Samenvattend zijn de functies van de hand:
- het uitvoeren van fijne manipulatieve bewegingen;
- voor het grijpen en loslaten van voorwerpen en gereedschappen;
- als zintuig voor het verkennen van de omgeving en het herkennen van voorwerpen;
- bij het communiceren en uitdrukken van emoties.
Bewegingen van de hand: vingers en duim
De bewegingen van de hand worden uitgevoerd door spieren die deels in de hand (intrinsieke spieren) en deels in de onderarm (extrinsieke spieren) hun oorsprong vinden en over de pols in de hand overgaan. De hand voert complexe en precieze bewegingen uit bij de manipulatie van gebruiksvoorwerpen, gereedschappen en apparatuur in het dagelijkse leven. Het toegenomen gebruik van elektrisch aangedreven apparatuur in huis en op het werk heeft de noodzaak voor de hand om veel kracht uit te oefenen verminderd, maar heeft een grotere verscheidenheid aan precisiebewegingen geïntroduceerd die nodig zijn om schakelaars en bedieningsorganen te bedienen.
Een groot aantal spieren, afkomstig van zowel de onderarm als de hand, wordt in de vingers en de duim ingebracht. De meeste pezen van deze spieren lopen over meerdere gewrichten, en door de combinaties van verschillende trekrichtingen van de pezen kunnen de vingers op verschillende manieren bewegen.
- De vijf vingers zijn genummerd 1-5, van lateraal (duim) naar mediaal.
- De vingers worden bij naam aangeduid: wijsvinger, middelvinger, ringvinger en pink.
- De centrale as van de hand loopt door het derde middenhandsbeentje en de derde (middel)vinger.
- Wanneer de vingers zich van elkaar scheiden, bewegen de andere vingers zich van de centrale as af (figuur 6.8).
- De spieren die de vingers bewegen heten ‘digitorum’, terwijl de spieren die de duim bewegen ‘pollicis’ heten. Thenar-spieren worden geassocieerd met de duim, en hypothenar-spieren met de pink.
Verbindingen van de vingers en de duim
De belangrijkste gewrichten zijn aangegeven in figuur 6.9.

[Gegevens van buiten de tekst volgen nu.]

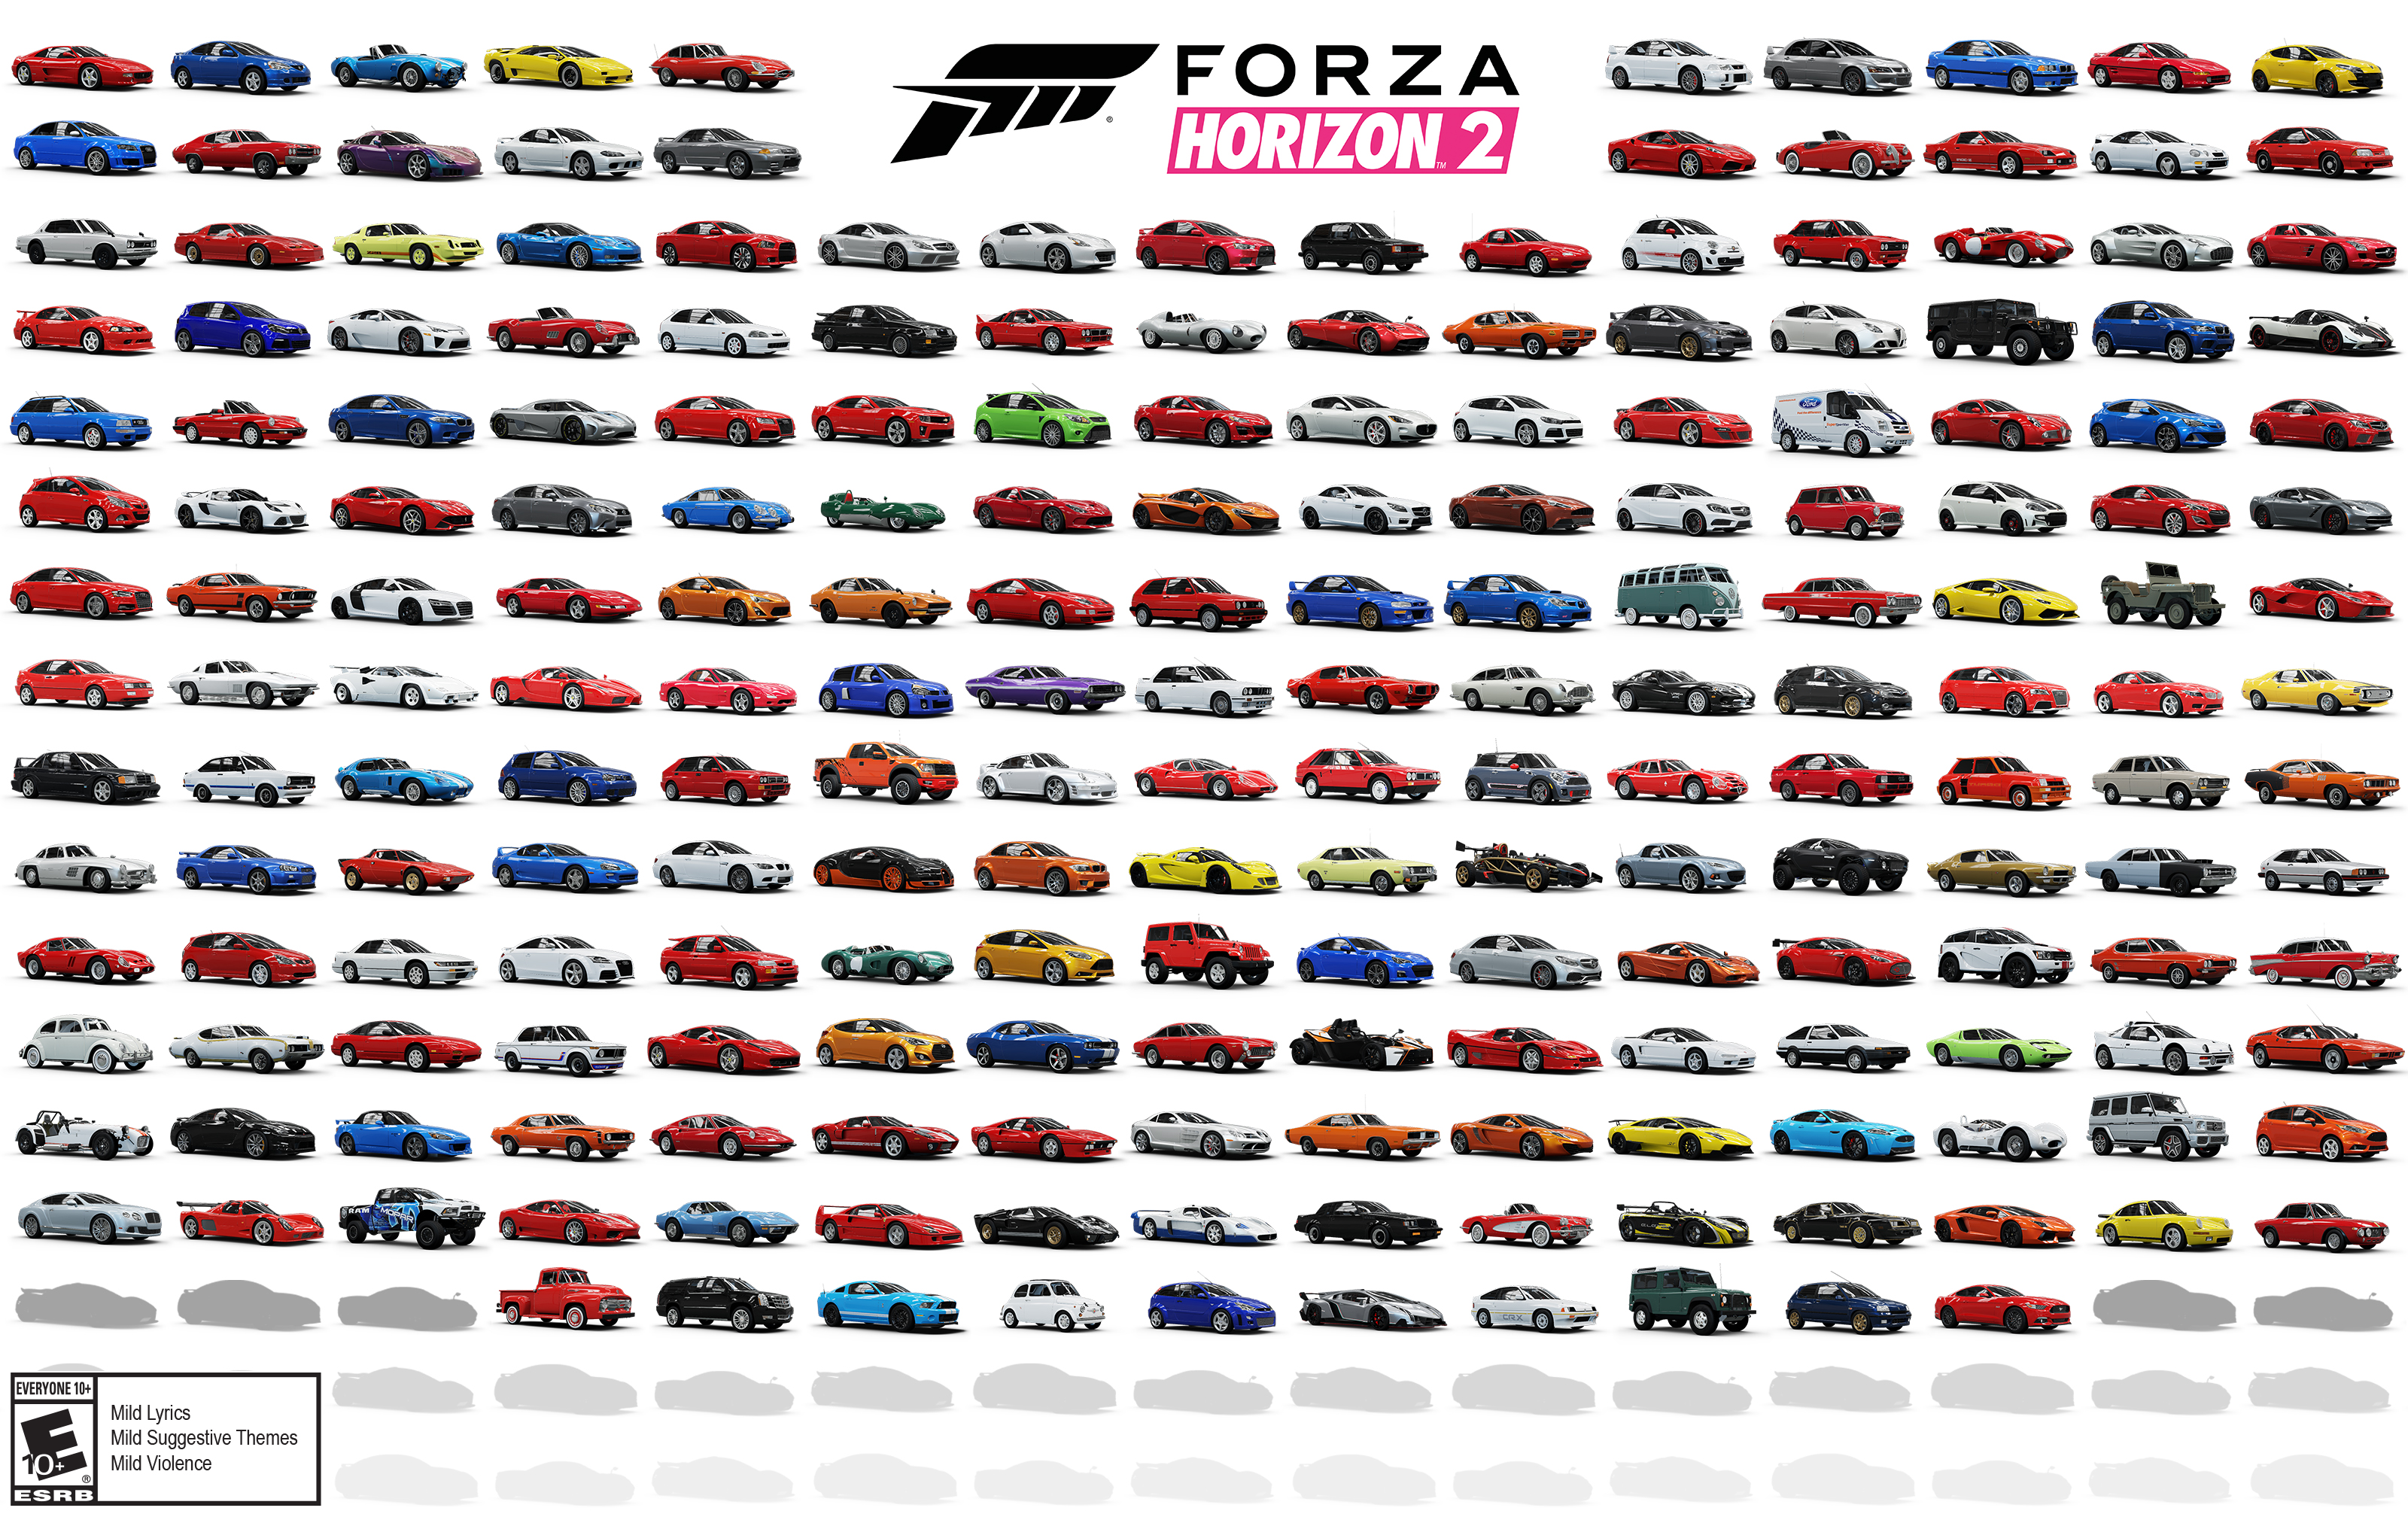 Forza Horizon 2 : les 210 voitures en une seule image

De metacarpofalangeale (MCP) gewrichten, algemeen bekend als de knokkels, worden gevormd door de gewrichten van de koppen van de middenhandsbeentjes met ovale holten aan de basis van de proximale vingerkootjes. De duim heeft, evenals de vier vingers, een MCP-gewricht. De MCP-gewrichten van de vingers zijn synoviale ellipsoïde, biaxiale gewrichten. Elk MCP-gewricht van de vingers heeft een sterk palmair ligament, dat stevig vastzit aan het vingerkootje, maar losjes aan het middenhandsbeentje. De palmaire ligamenten van deze vier gewrichten zijn verbonden door een diep transversaal ligament, dat de koppen van de middenhandsbeentjes bijeenhoudt en zo het lichaam van de handpalm vormt. De collaterale ligamenten zijn banden die aan weerszijden van de gewrichten aanwezig zijn (Figuur 6.9). De bewegingen van de MCP-gewrichten maken het mogelijk de vingers te buigen en te strekken, te abduceren en te adduceren. Bij abductie bewegen de vingers weg van de middelvinger, die de centrale as van de hand vormt.
Figuur 6.8 Palmar aanzicht van de rechterhand; plaats van de gewrichten.